---------- Data excerpt ----------

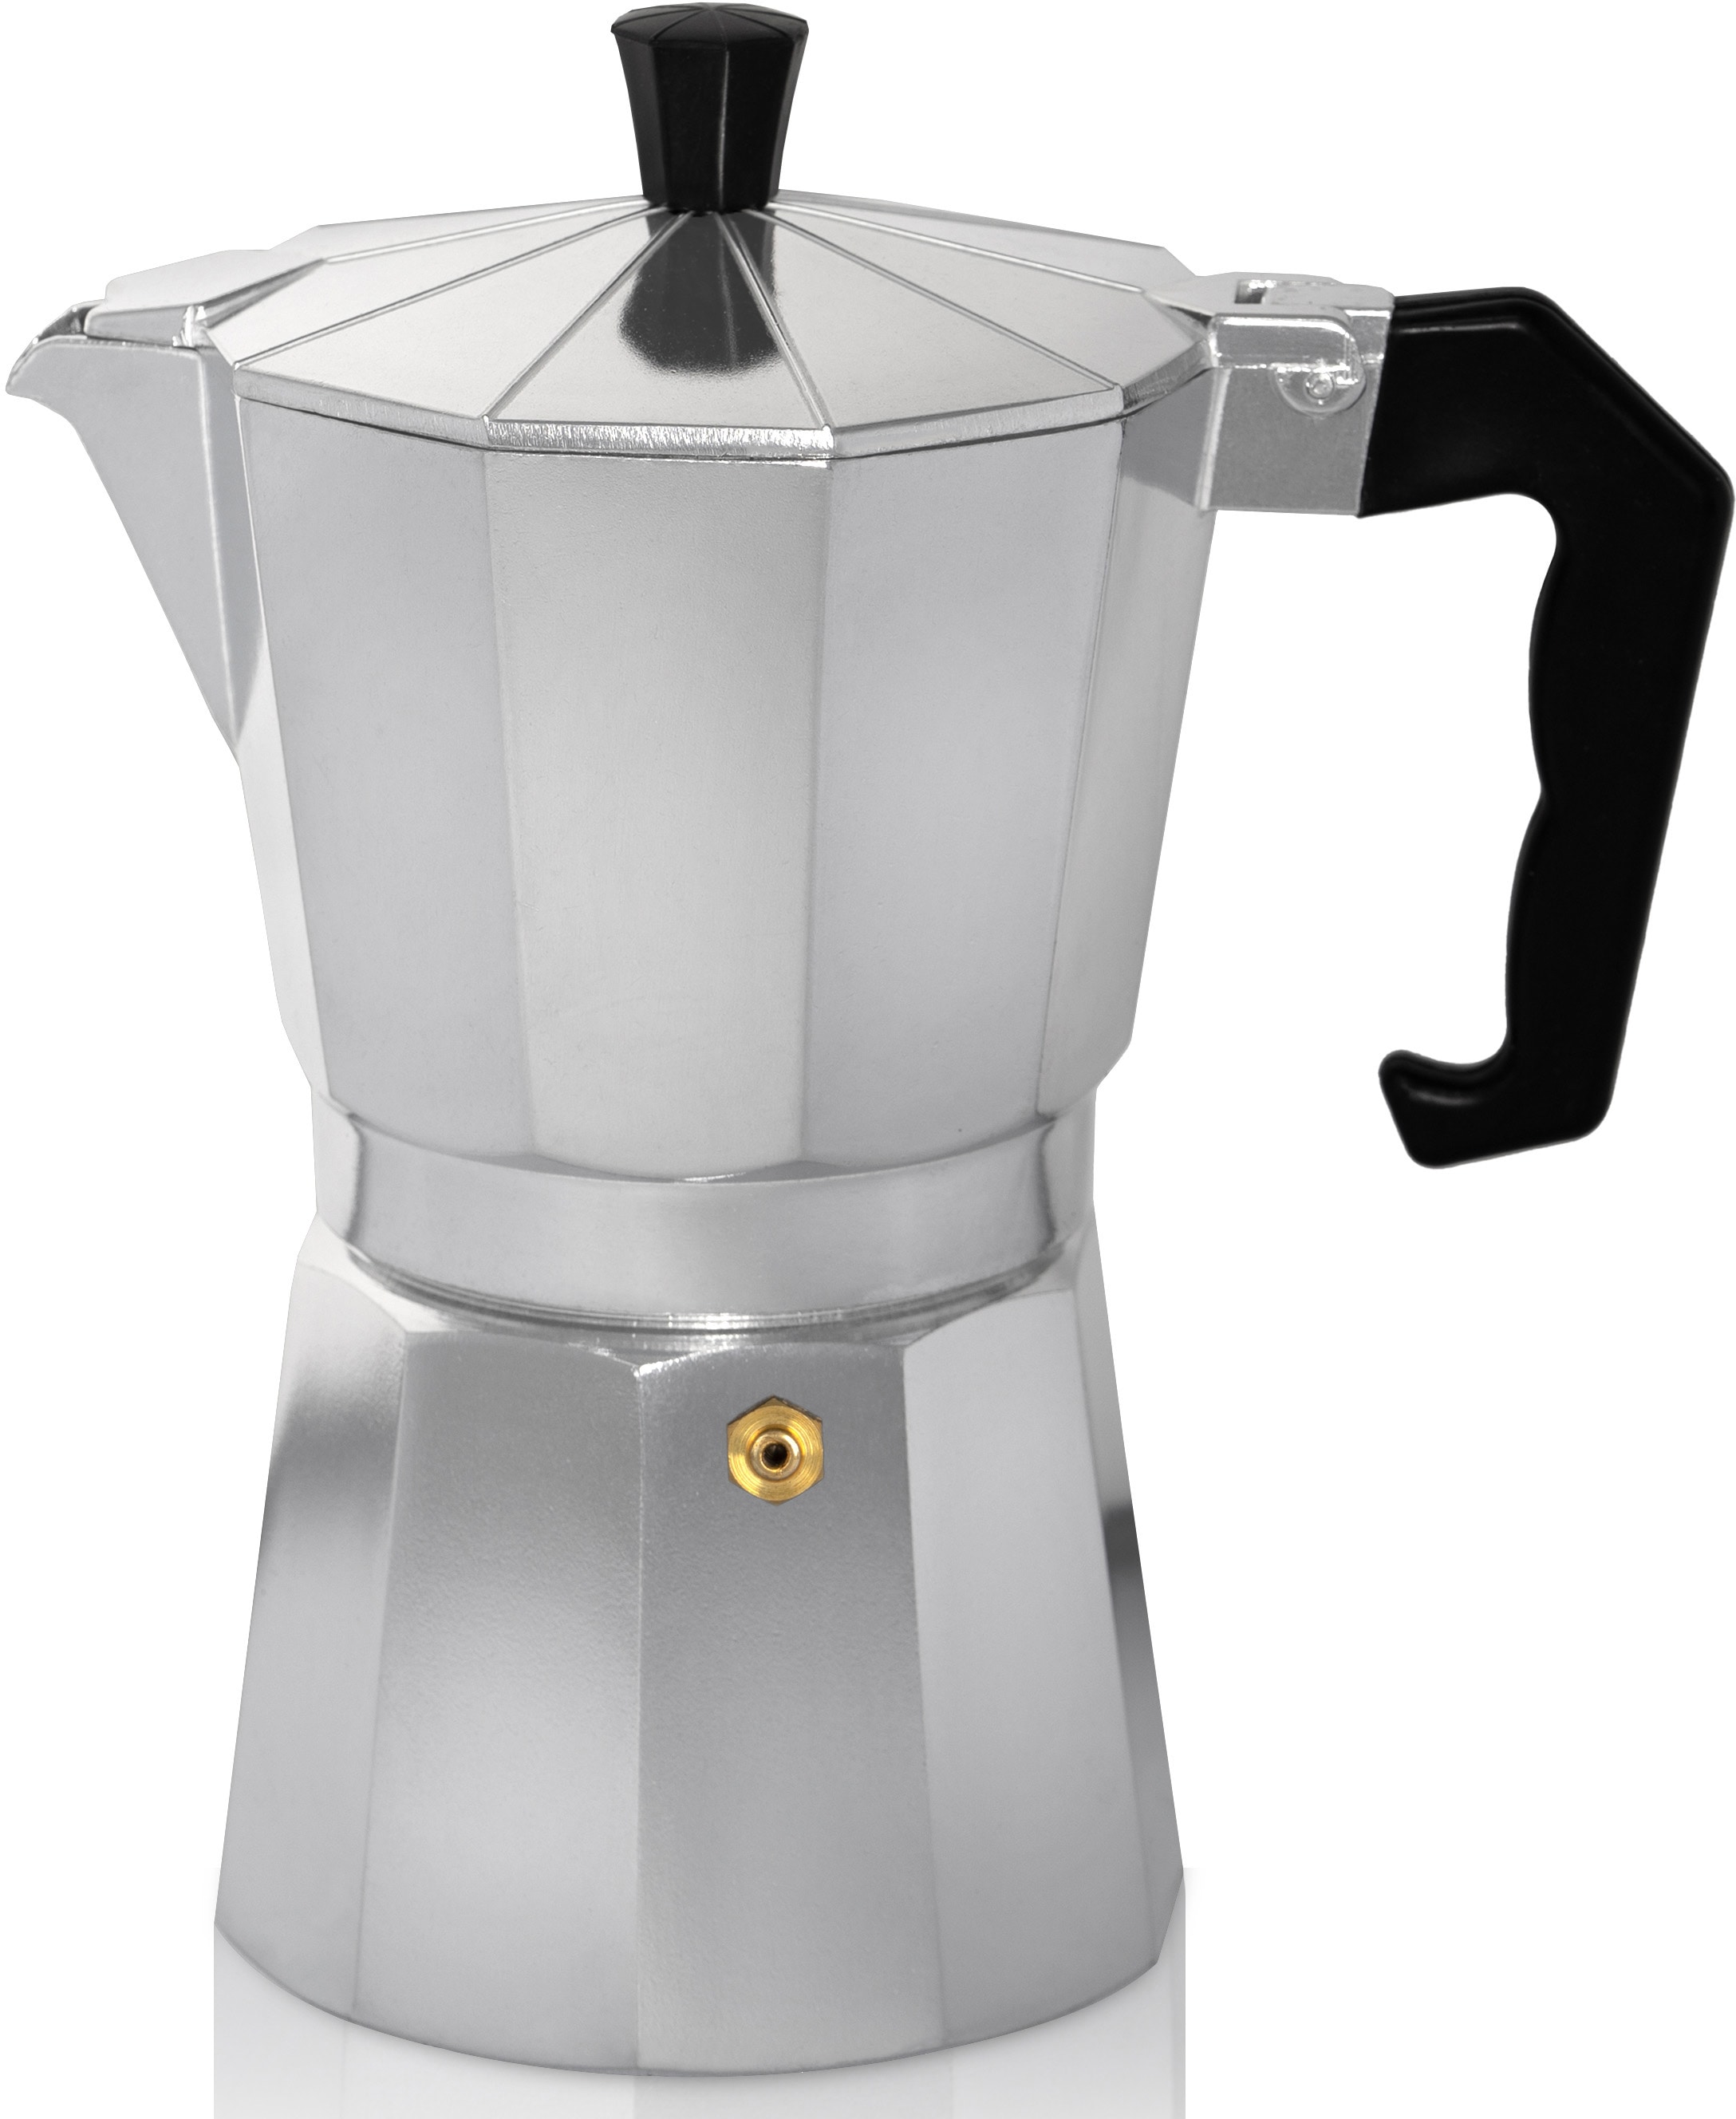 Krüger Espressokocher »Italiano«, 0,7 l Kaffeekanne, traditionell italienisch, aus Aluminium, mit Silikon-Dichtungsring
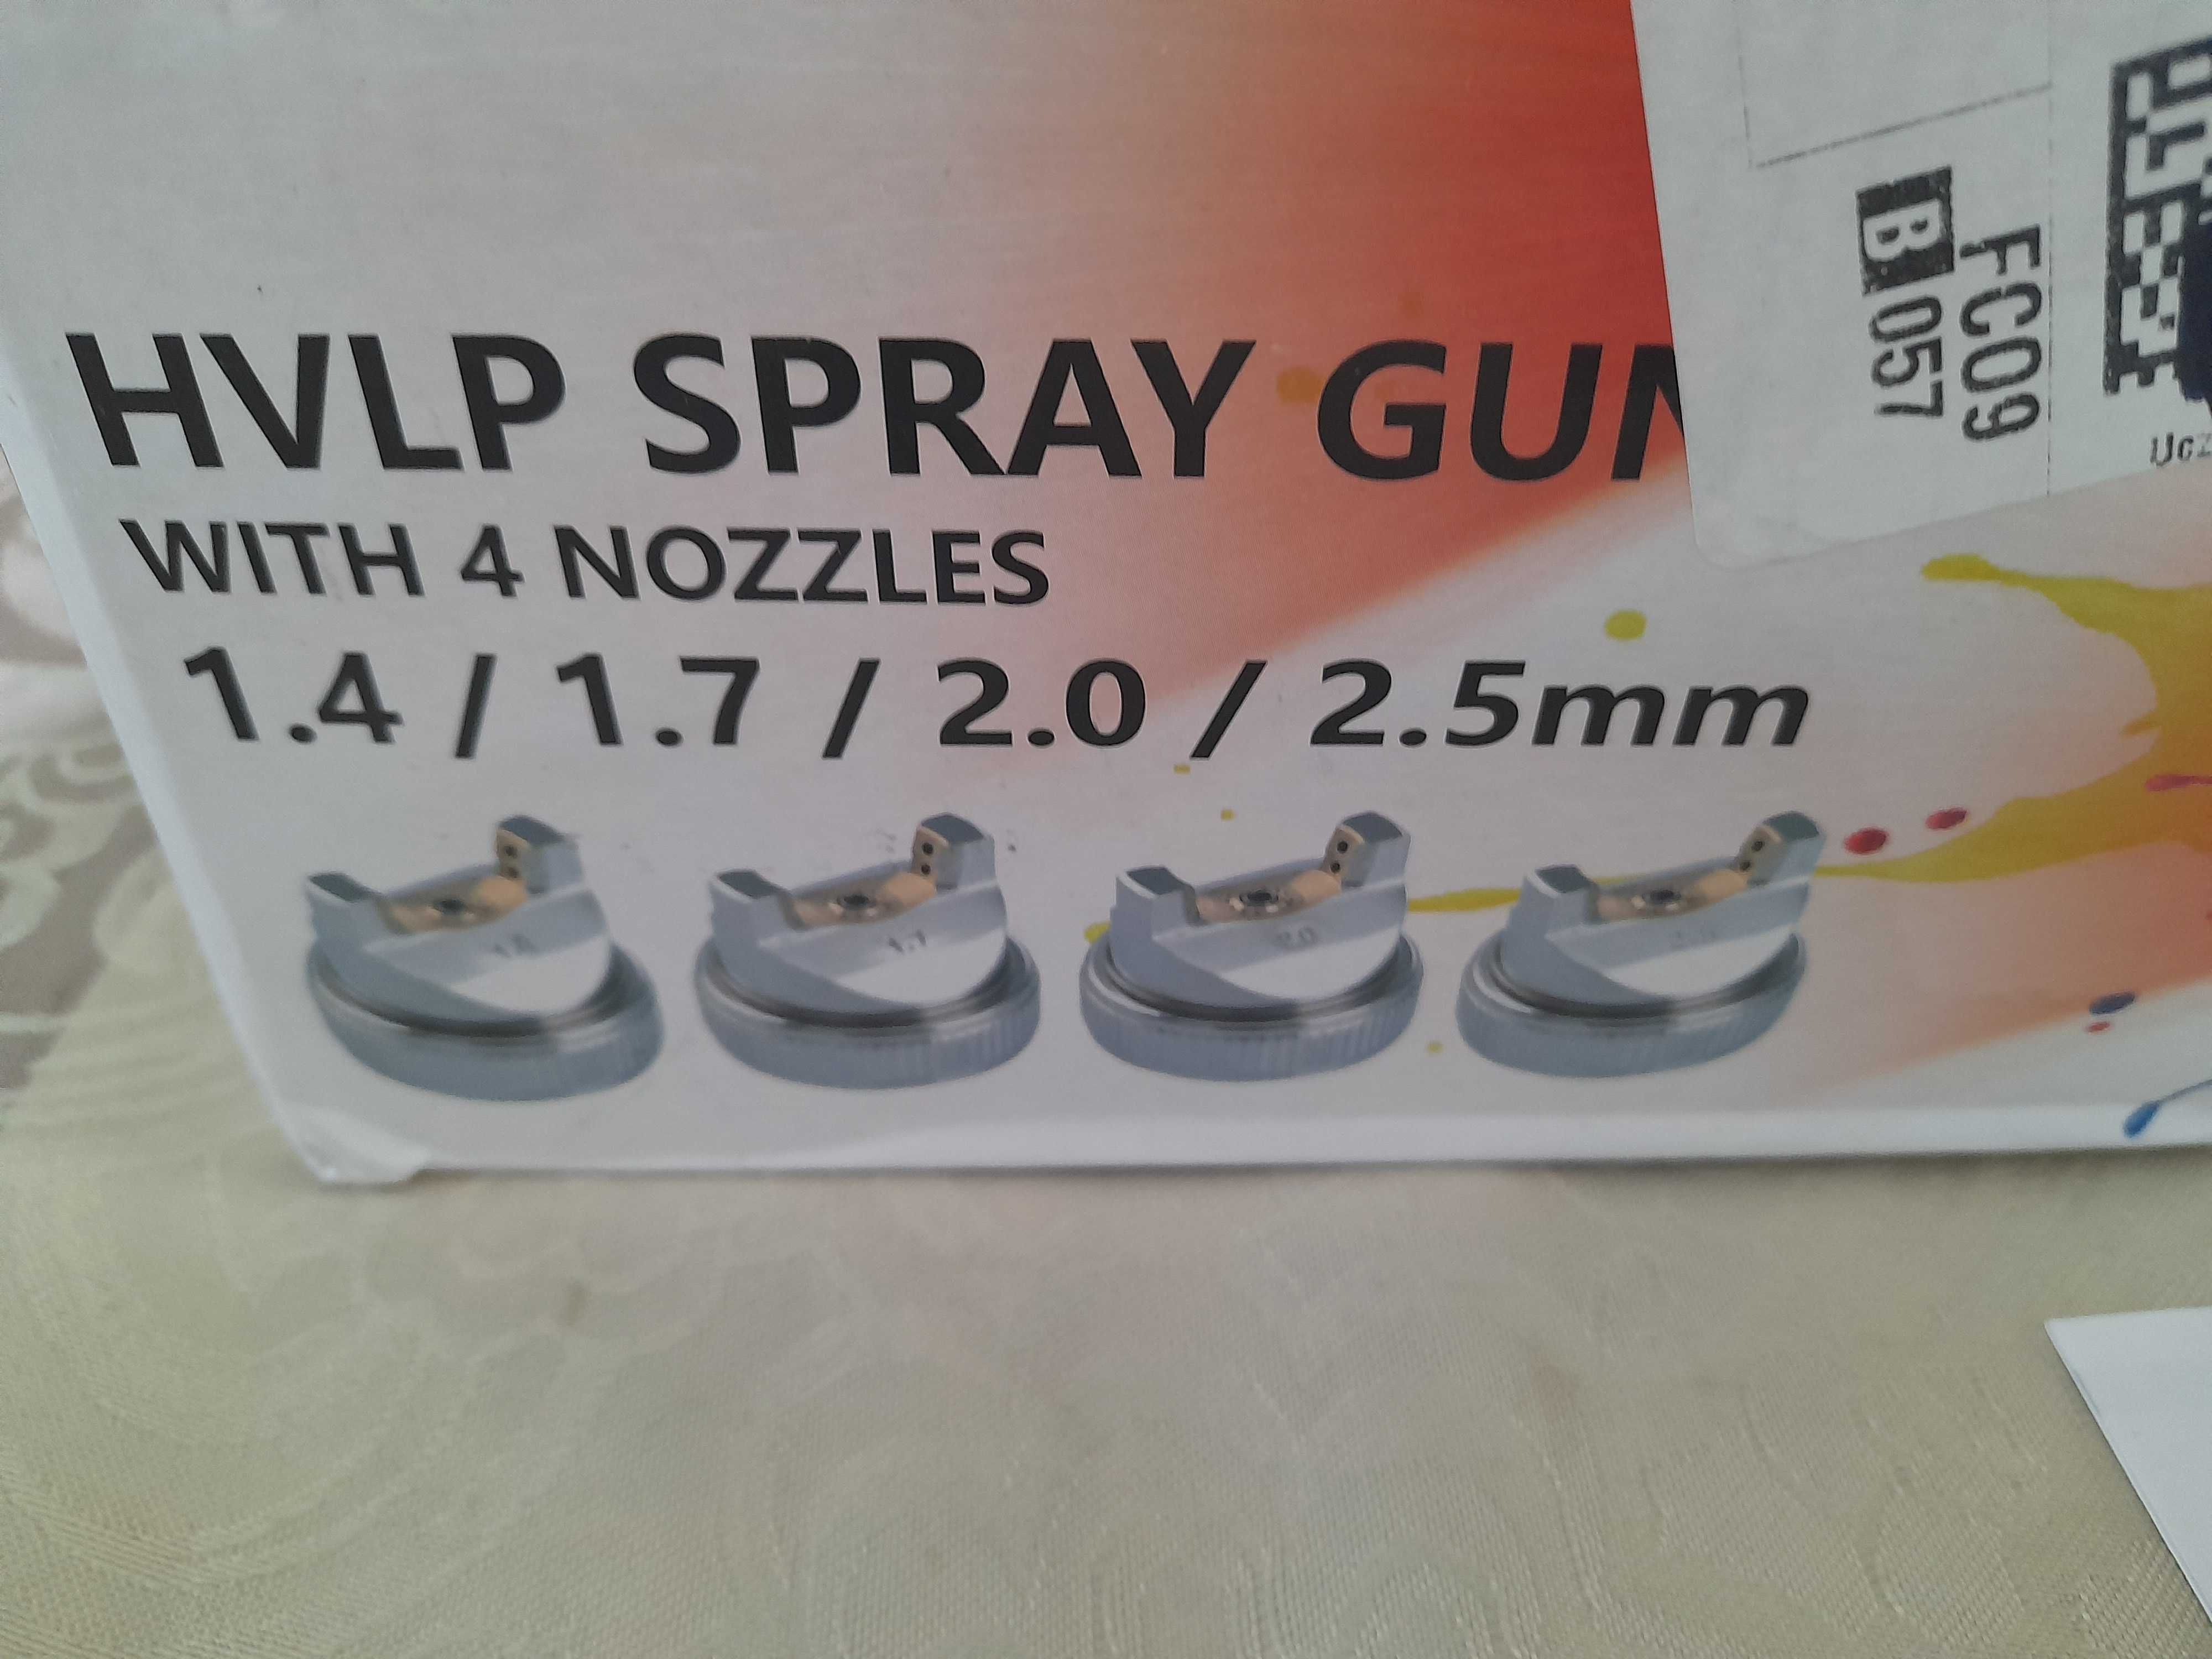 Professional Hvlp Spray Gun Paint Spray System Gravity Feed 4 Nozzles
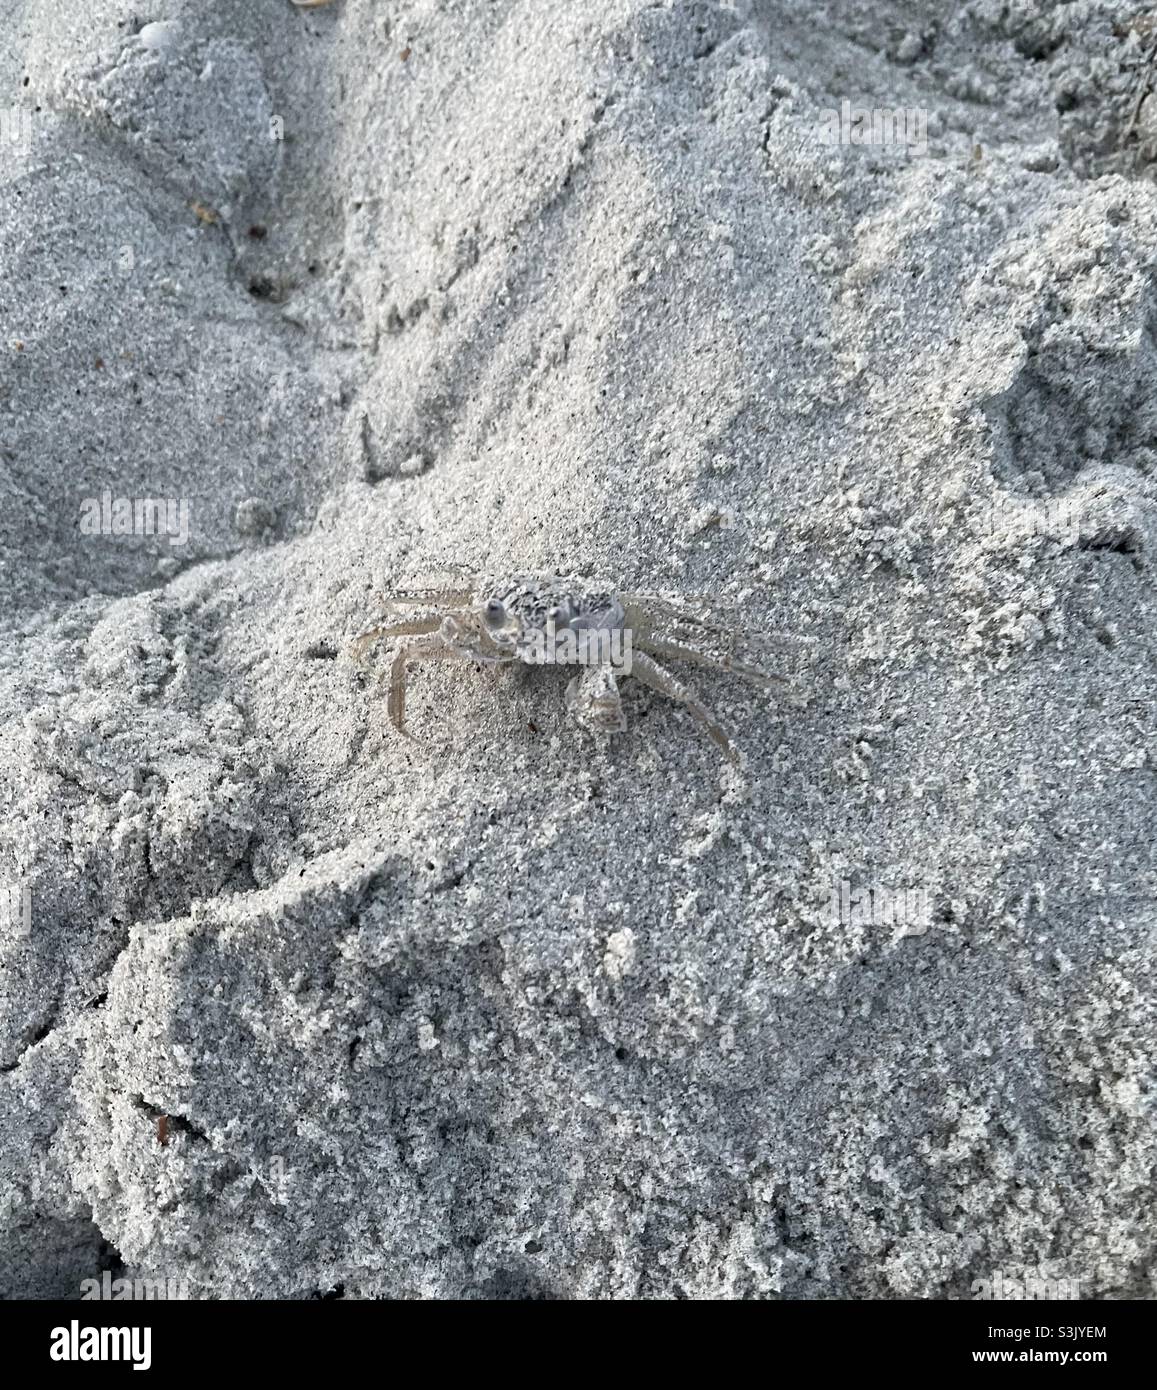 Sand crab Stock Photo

----------

▸ **Action item**: Set down the line containing "Professional Hvlp Spray", then every later line through the end of the material, exactly as written; omit any picture.

▸ **The answer**:
 Professional Hvlp Spray Gun Paint Spray System Gravity Feed 4 Nozzles
 Sand crab Stock Photo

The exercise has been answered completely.